Friday, March 23, 2018

Trump chooses hawkish John Bolton as national security adviser

President Donald Trump has chosen as his third national security adviser John Bolton, 69, former US ambassador to the UN in the Bush administration. A distinguished broadcast commentator and outspoken friend of Israel, Bolton’s name also came up after Trump’s election as candidate for secretary state. He succeeds HR McMaster, whom Trump has let go with praise for “an outstanding job.”
 
Bolton, who will leave his post as a senior fellow at the rightwing American Enterprise Institute, formally moves in to the job on April 9. With the Bolton appointment, President Trump continues the shakeup of his security and foreign policy team of advisers as he heads towards challenging decisions in the coming weeks on the Iranian and North Korean nuclear crises. The new NSA joins Mike Pompeo, the former CIA director and another hawk, whom Trump appointed earlier this month as Secretary of State in place of Rex Tillerson. The Washington rumor mill suggests that the next head on the block is that of Defense Secretary Jim Mattis.
 
In his frequent TV commentaries, Bolton has repeatedly urged America to use its military prowess to remind the world that it is still the greatest power on earth whose strength is unrivaled. He has advocated pre-emptive military strikes on Iran and North Korea rather than wasting time on fruitless diplomacy while the two rogue states buy time for developing nuclear weapons and missiles. Bolton has also argued that Washington should have acted to remove Bashar Assad long ago and maintains that the military expansionist presence of Iran and Hizballah in Syria must be stopped.

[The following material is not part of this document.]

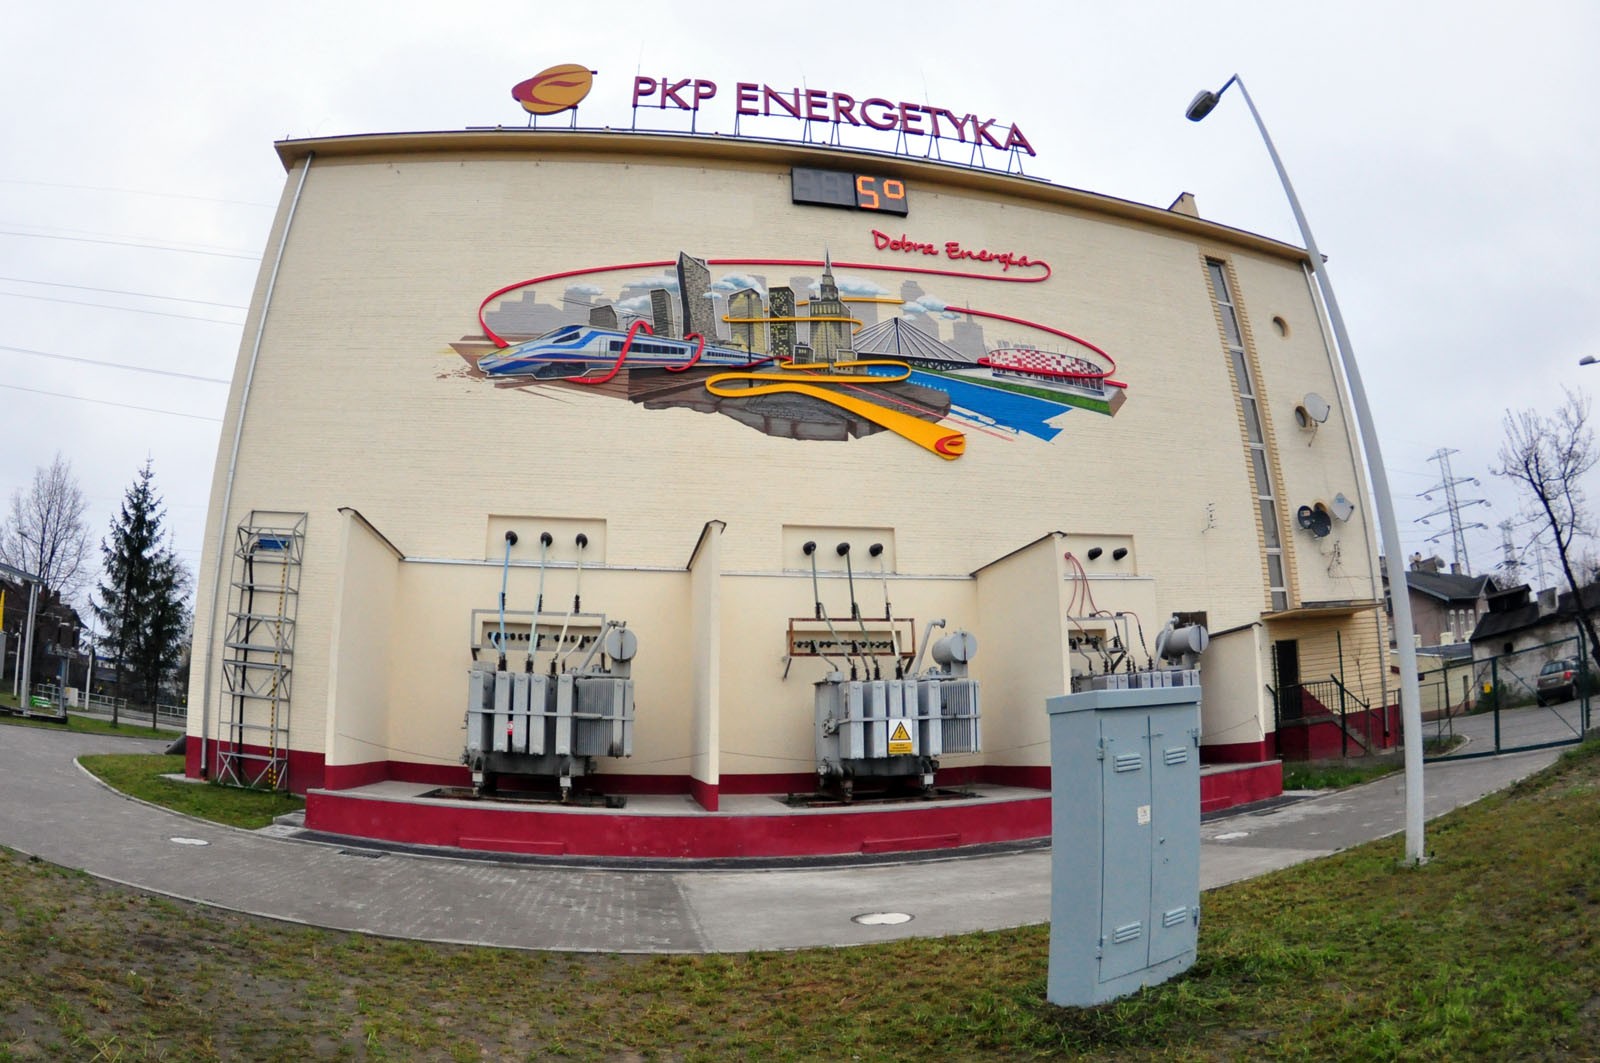 PKP Energetyka S.A. Dobra Energia mural w Warszawie | Mural z neonami PKP Energetyka w Warszawie | Portfolio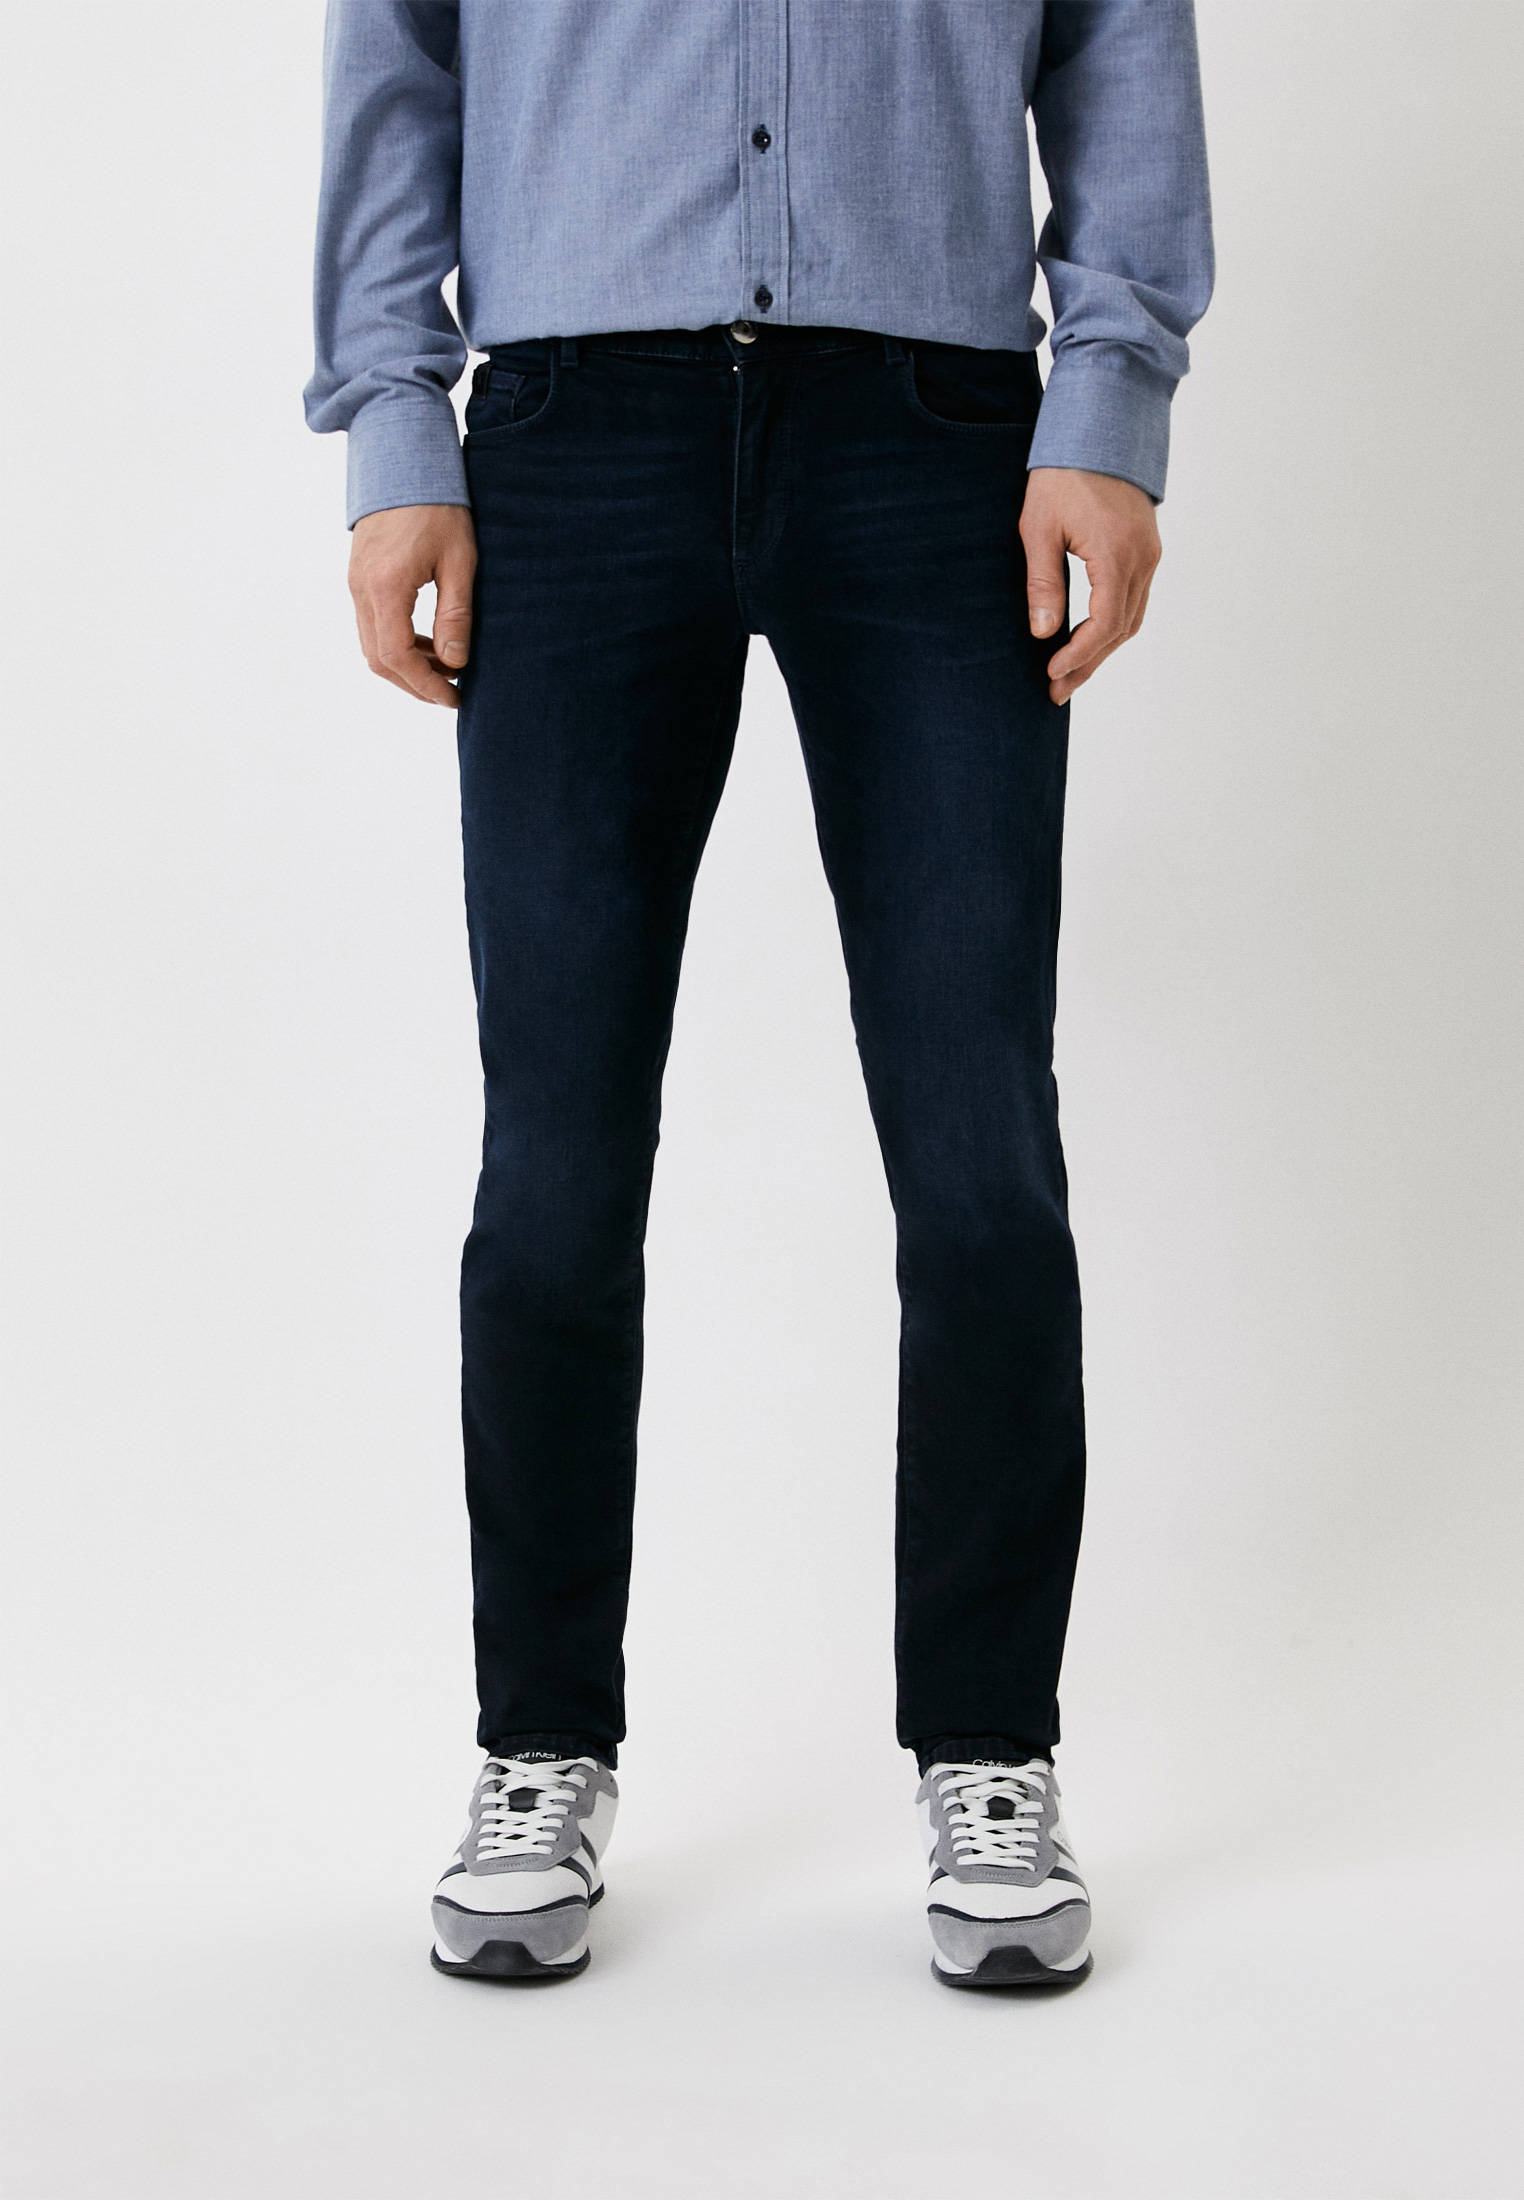 Мужские зауженные джинсы Trussardi (Труссарди) 52J00000-1T002676-C-002: изображение 1

After his appointment was announced, Bolton answered reporters’ questions by saying that if he had to keep on explaining how his views as a private individual would apply to his new job, he would have no time to perform it. The new NSA is clearly drawing a distinction between the two functions and preparing to perform with all seriousness and caution a job that is the pinnacle of his career. After all, it is the president who makes the decisions and an adviser is just an adviser.